▶
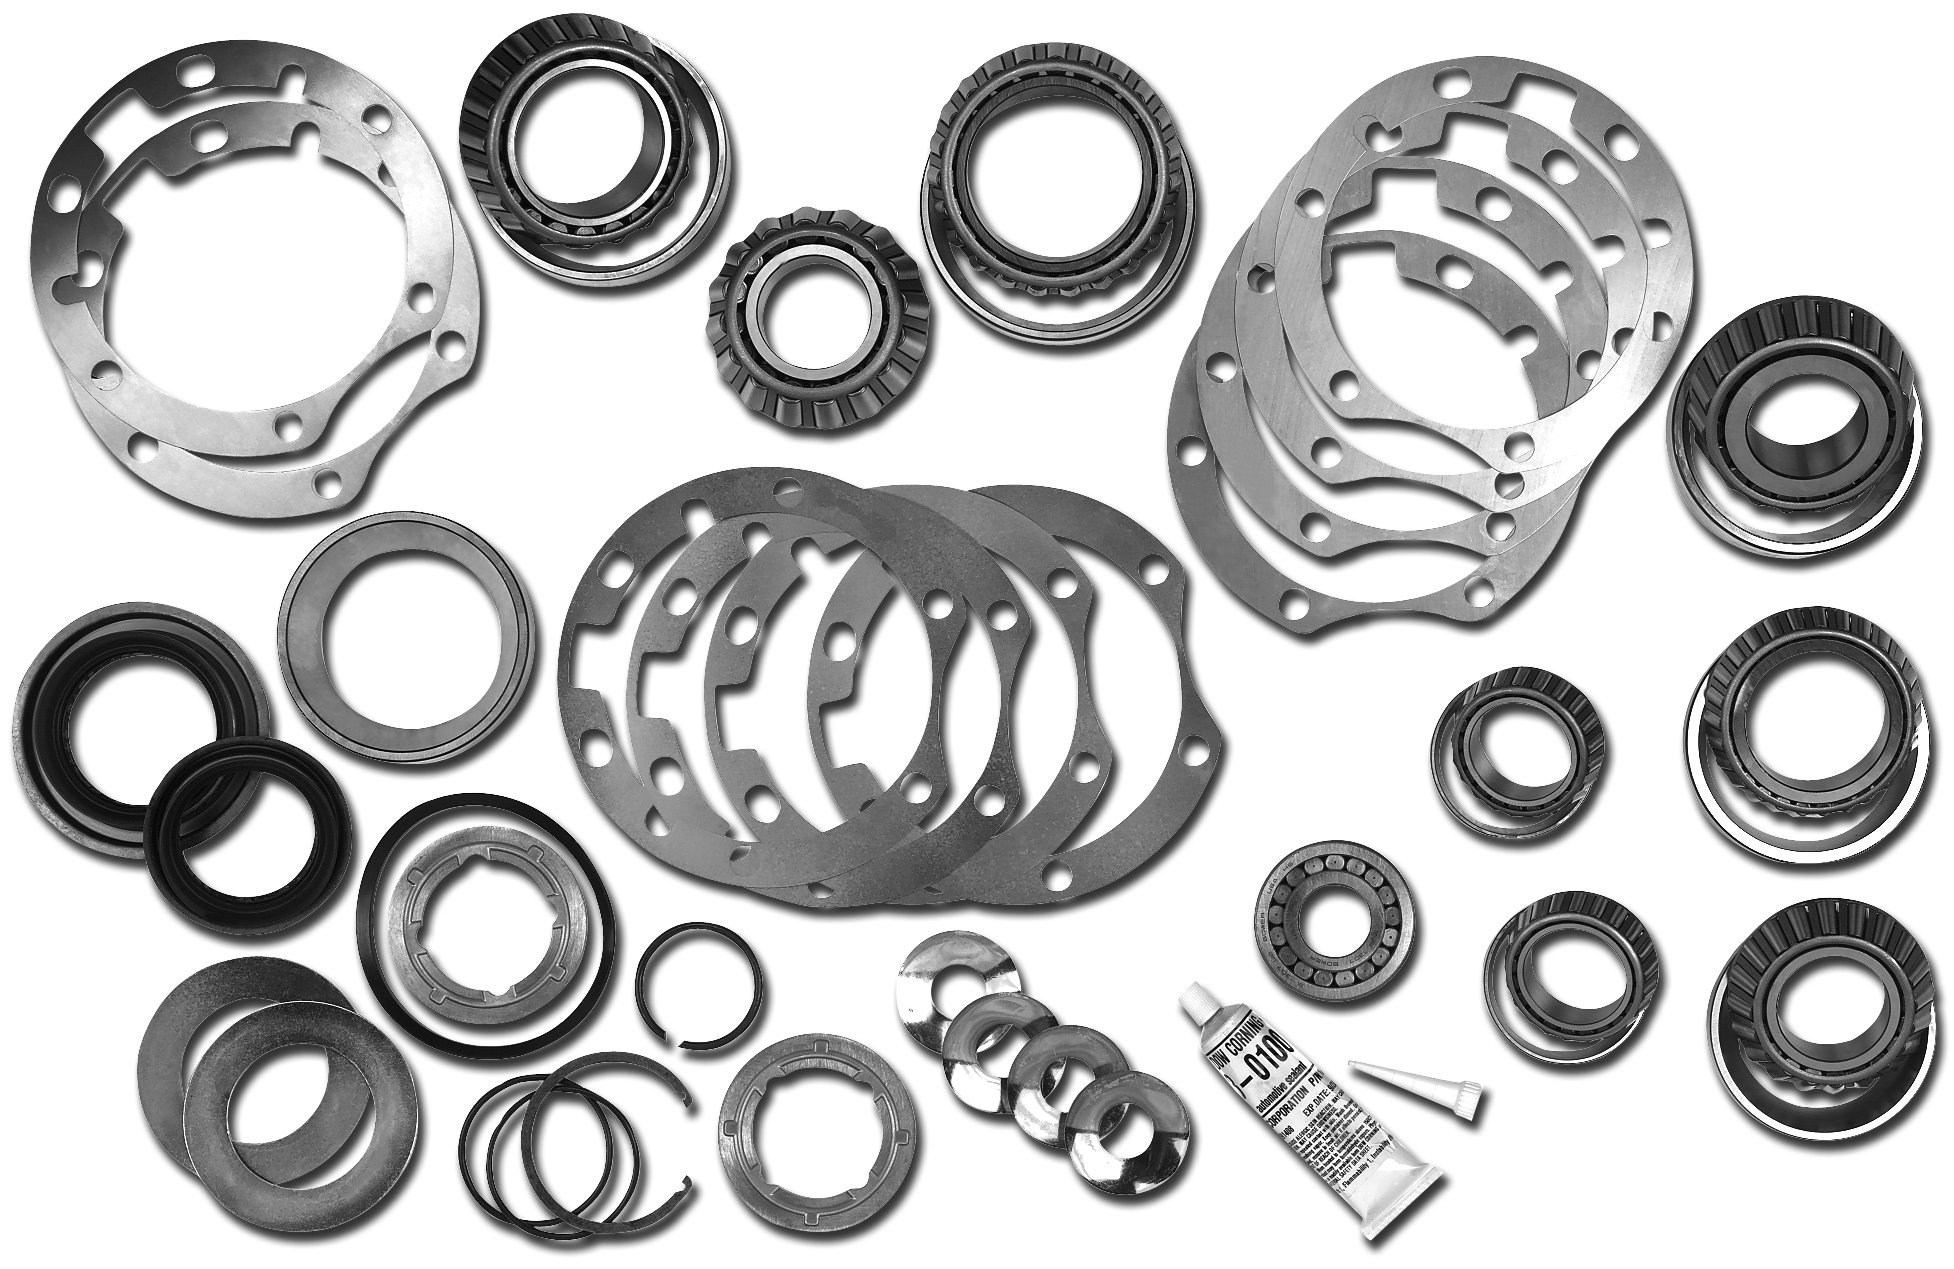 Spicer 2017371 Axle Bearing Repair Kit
◀
▶
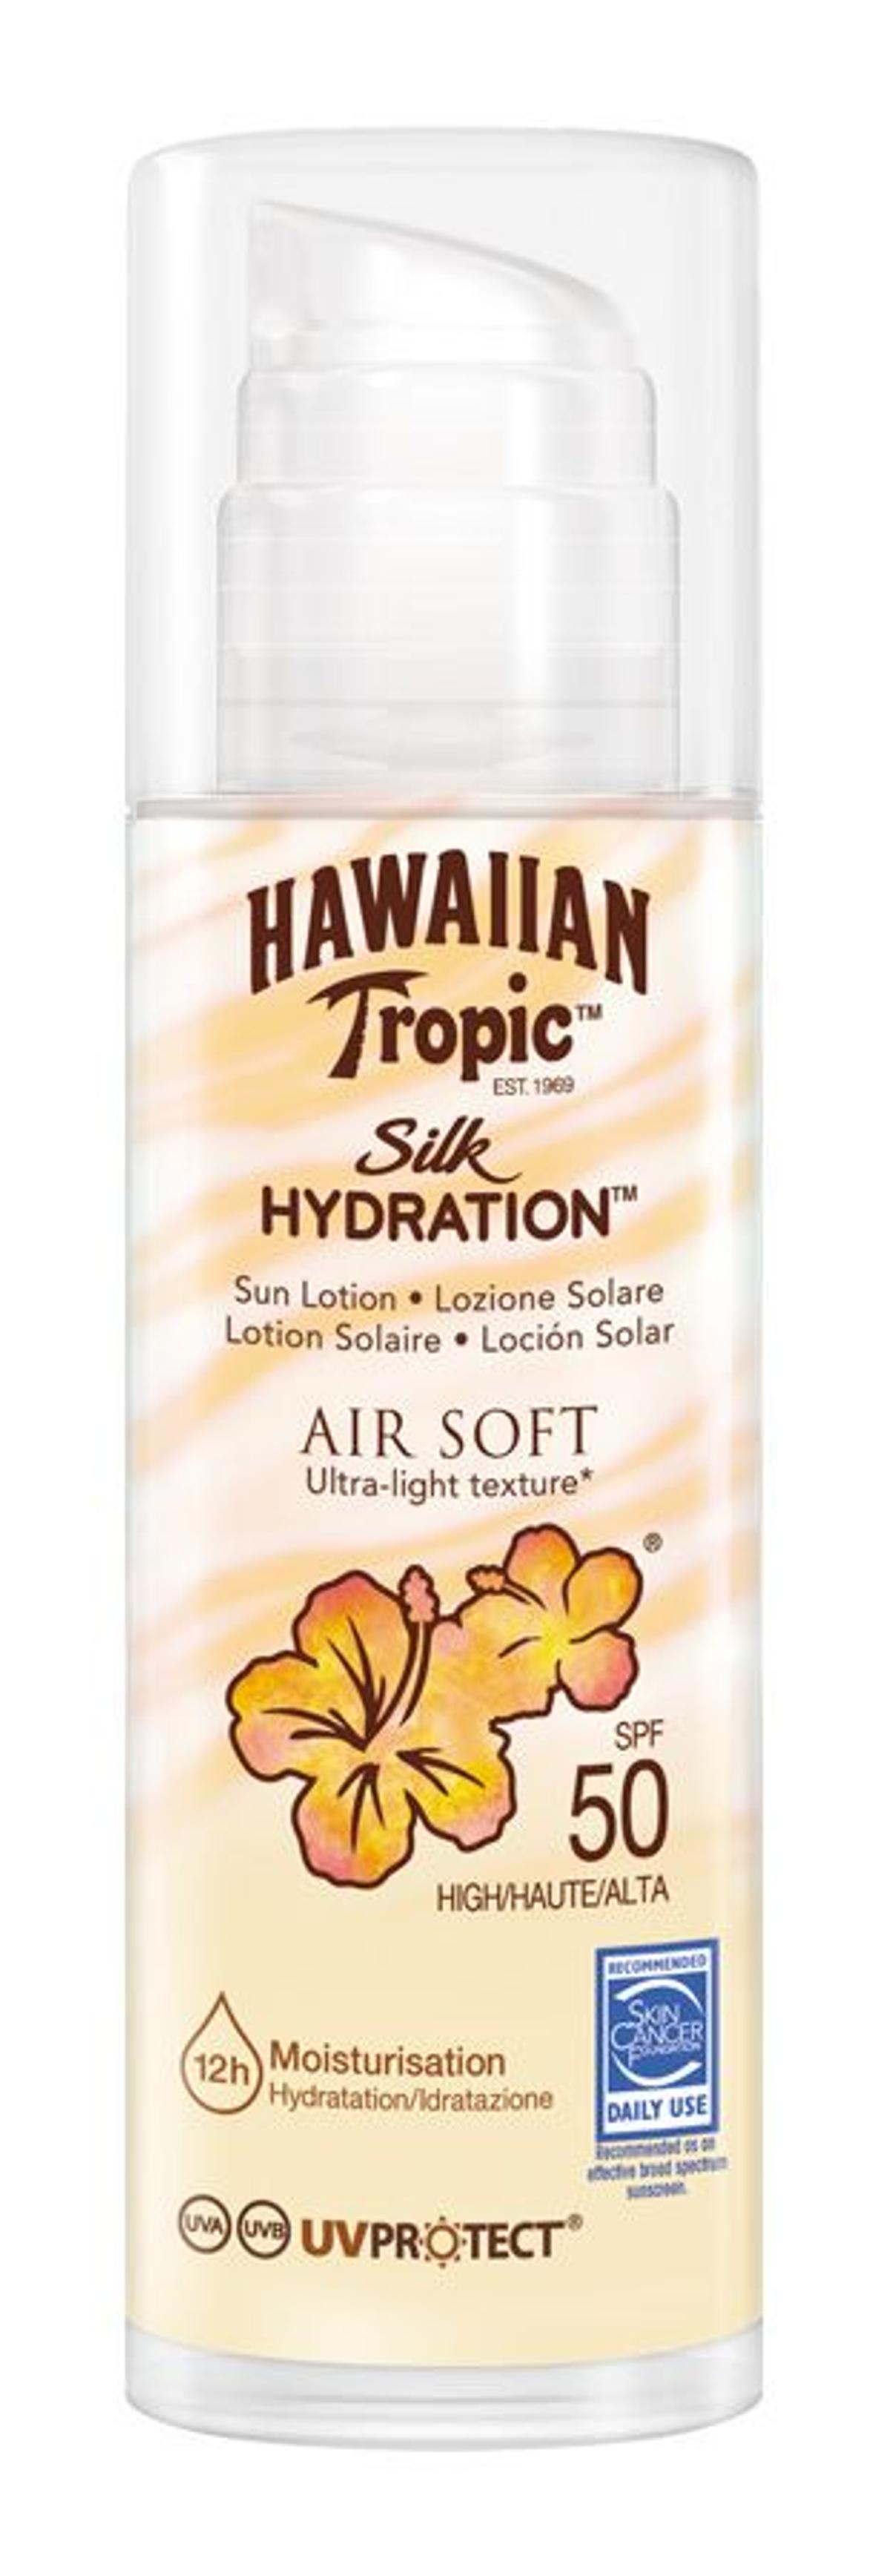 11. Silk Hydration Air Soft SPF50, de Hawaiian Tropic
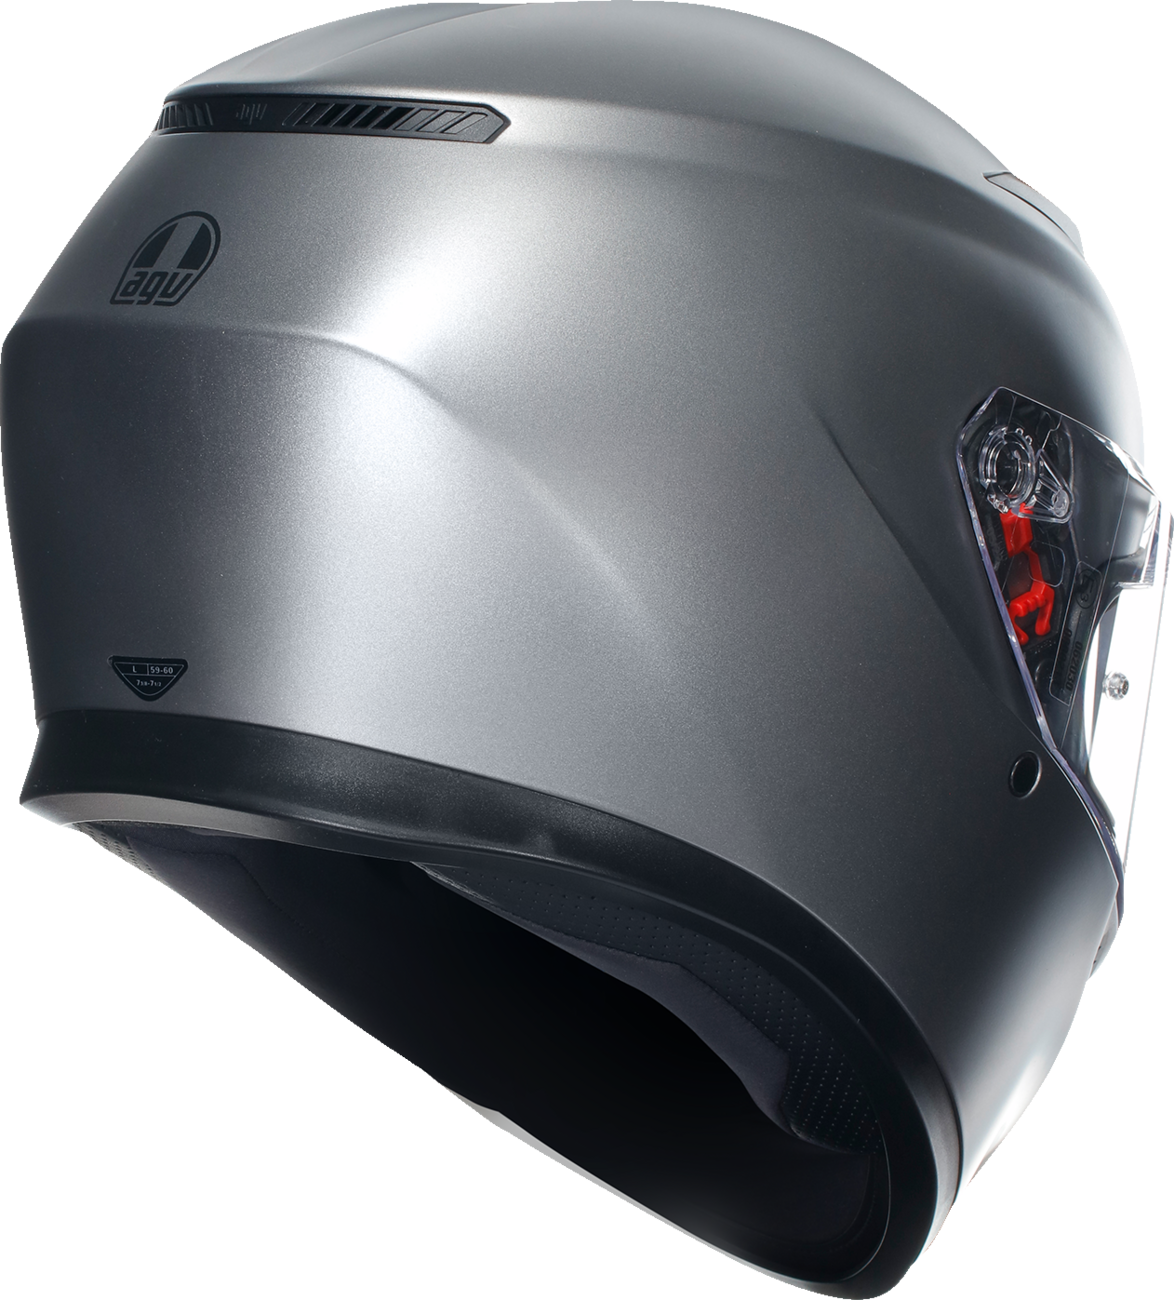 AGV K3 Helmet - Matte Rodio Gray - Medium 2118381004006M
◀
§ Required action: Your reply should hold nothing but the lines above, from the one containing "11. Silk Hydration" to the one containing "AGV K3 Helmet", reproduced exactly minus the pictures.

§ Answer for the task:
 11. Silk Hydration Air Soft SPF50, de Hawaiian Tropic
 AGV K3 Helmet - Matte Rodio Gray - Medium 2118381004006M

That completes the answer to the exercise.